*Task to complete*: Write out each line below precisely, passing over the pictures.

(Data below begins)

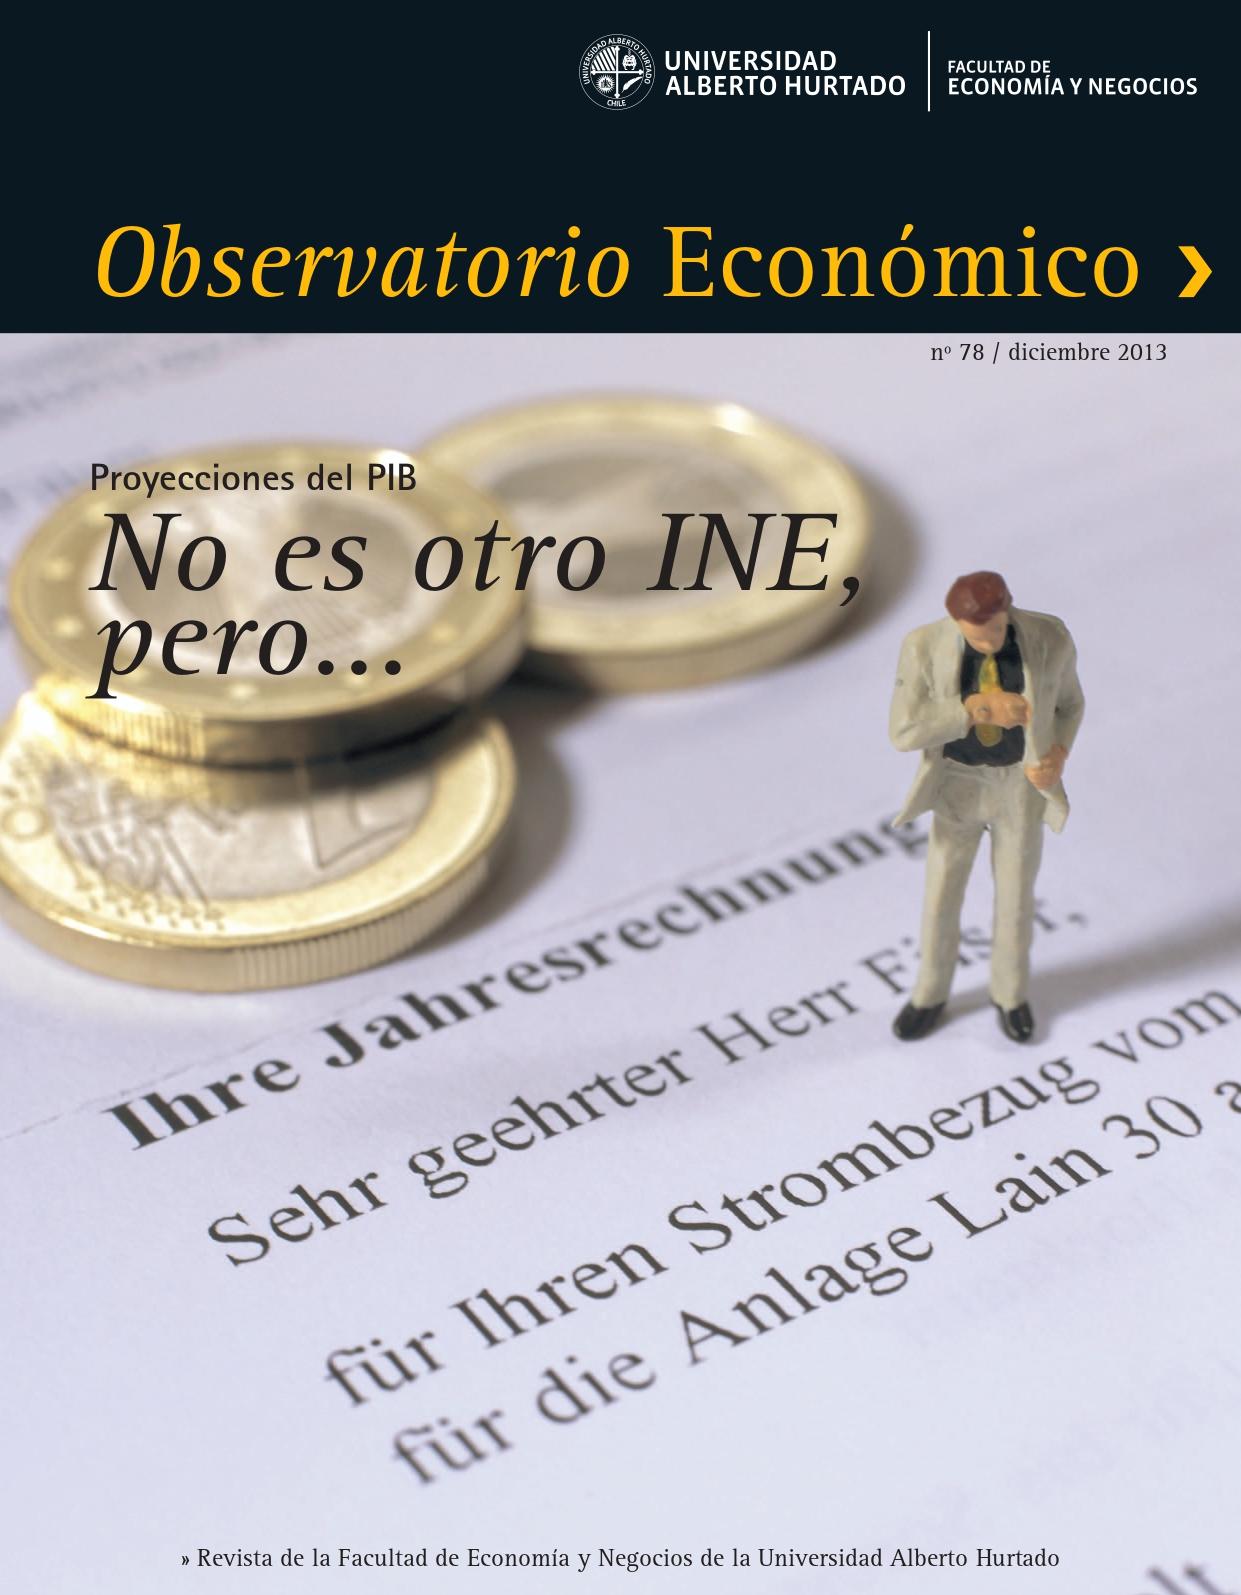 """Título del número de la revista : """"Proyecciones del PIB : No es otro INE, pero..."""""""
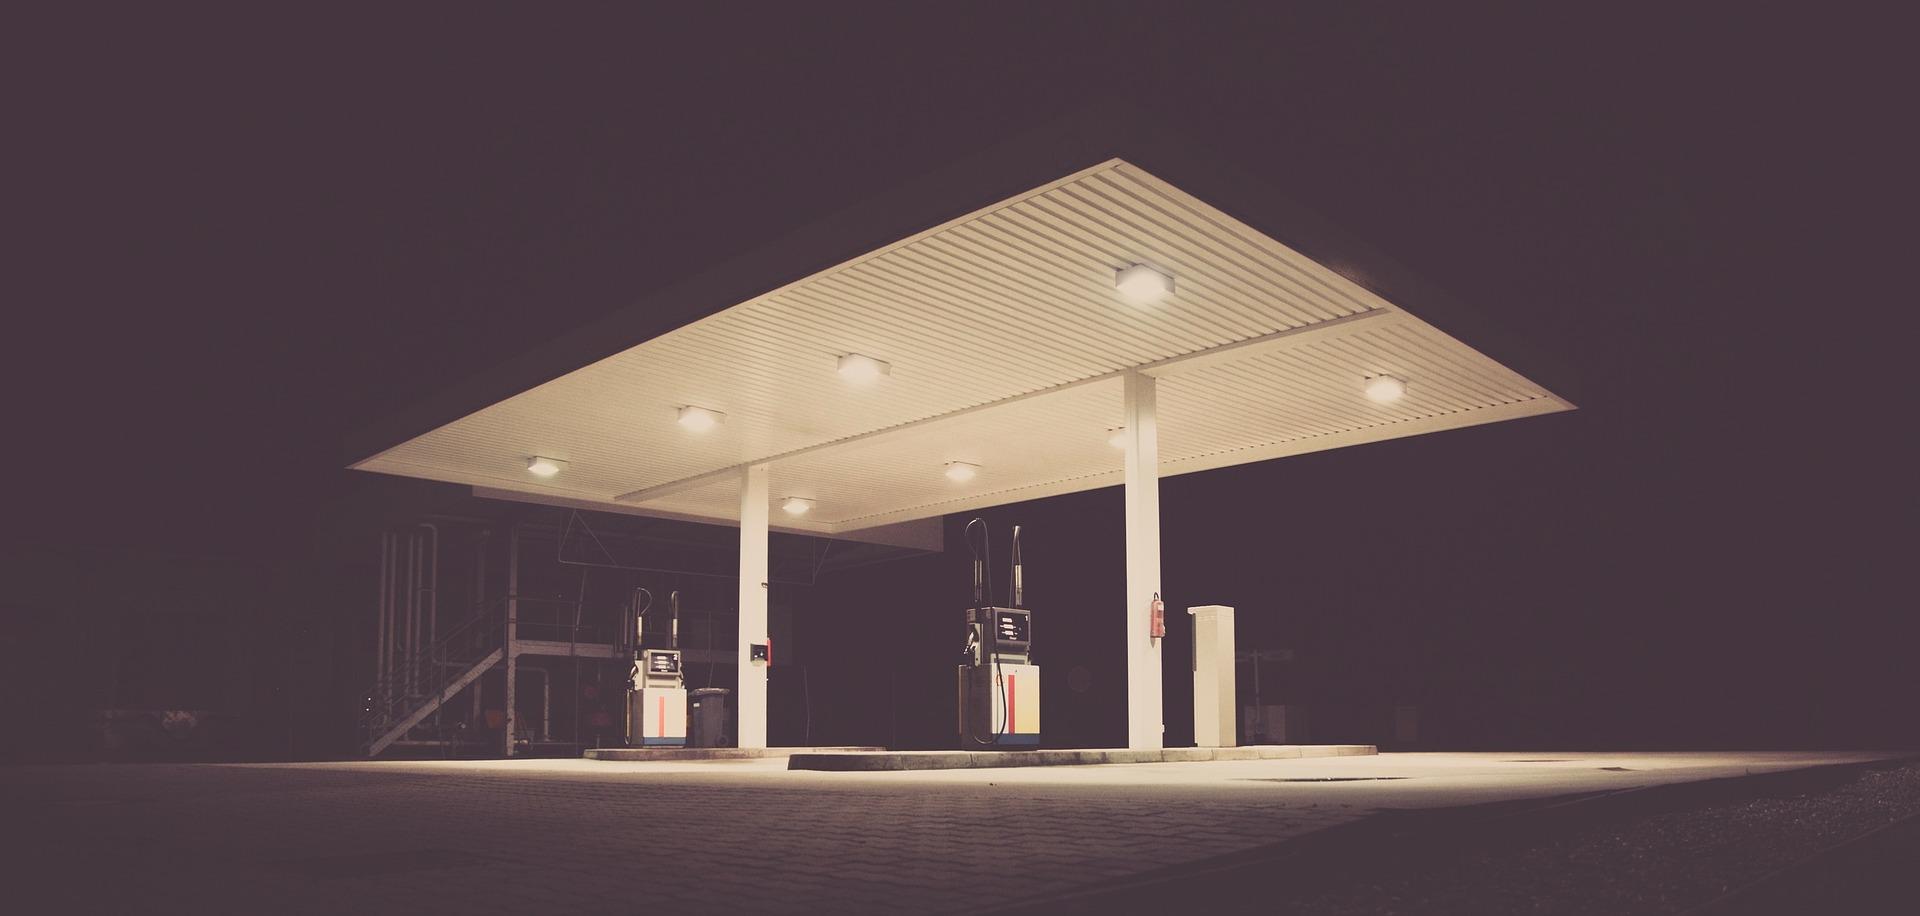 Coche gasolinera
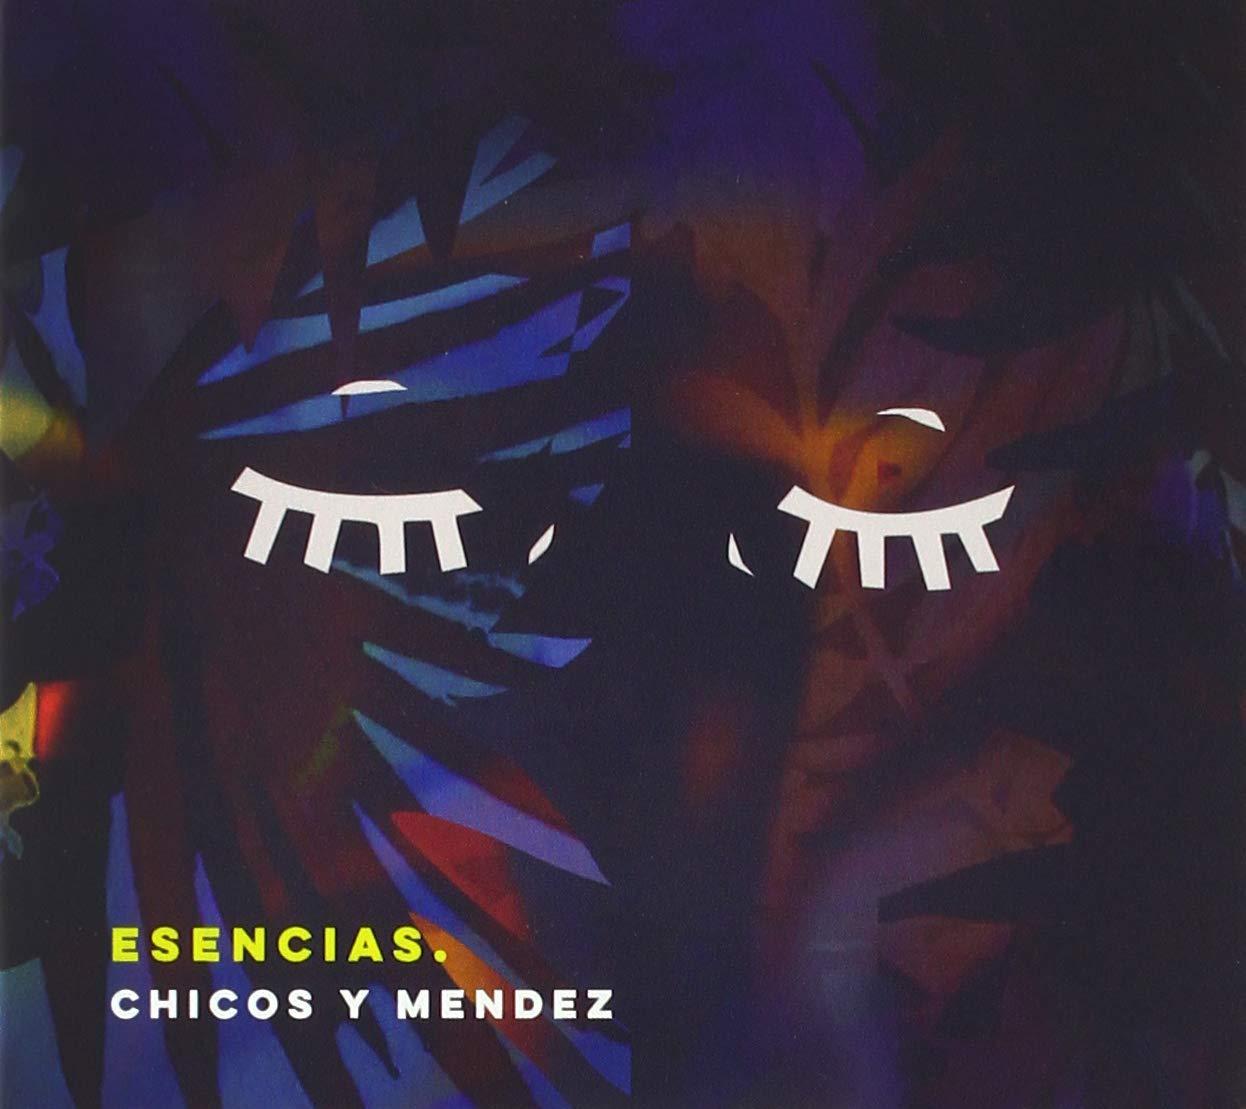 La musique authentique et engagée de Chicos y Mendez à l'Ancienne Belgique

(Data below ends)

*Result of this task*:
 """Título del número de la revista : """"Proyecciones del PIB : No es otro INE, pero..."""""""
 Coche gasolinera
 La musique authentique et engagée de Chicos y Mendez à l'Ancienne Belgique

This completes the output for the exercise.